The registers in the Music 5000 hardware are implemented as a 2048 byte block of memory, called the Wave RAM. All functionality of the Music 5000 is controlled by writing to locations in the Wave RAM.
The Wave RAM serves two purposes:
-
It stores the Wave Definitions for 14 distinct waveforms. Each waveform is represented as 128 8-bit logarithmic samples (logarithmic because the Music 5000 uses a Companding DAC).
-
It stores the Channel Registers for each of the 16 channels. Each channel has two sets of registers, normal and alternative, each comprising six registers (frequency lo, frequency mid, frequency hi, amplitude, waveform and control).

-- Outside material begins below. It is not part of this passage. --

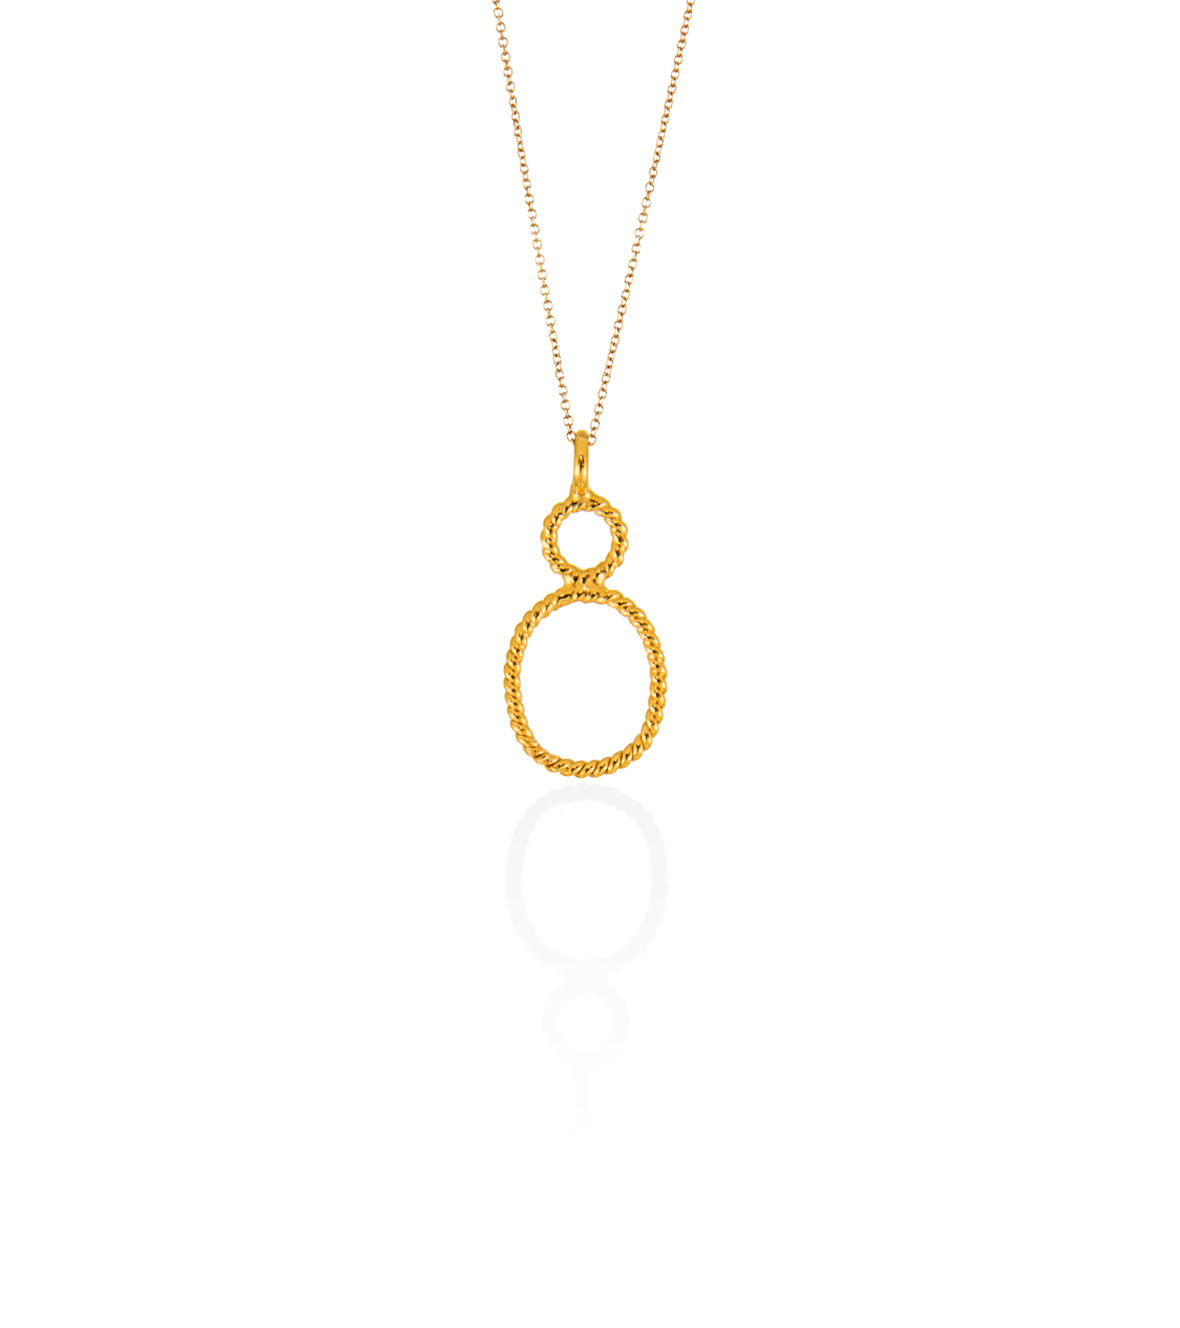 Tiny Oval pendant by Christina Soubli

The reason for the two sets of registers is to support modulation of any controllable parameter, inc. frequency, amplitude, phase (for synchronisation) etc. For example, it is possible to program different characteristics in each set in one channel (e.g. different frequencies), and then use the channel two positions earlier in the table of sixteen channels to switch between them at audio frequency.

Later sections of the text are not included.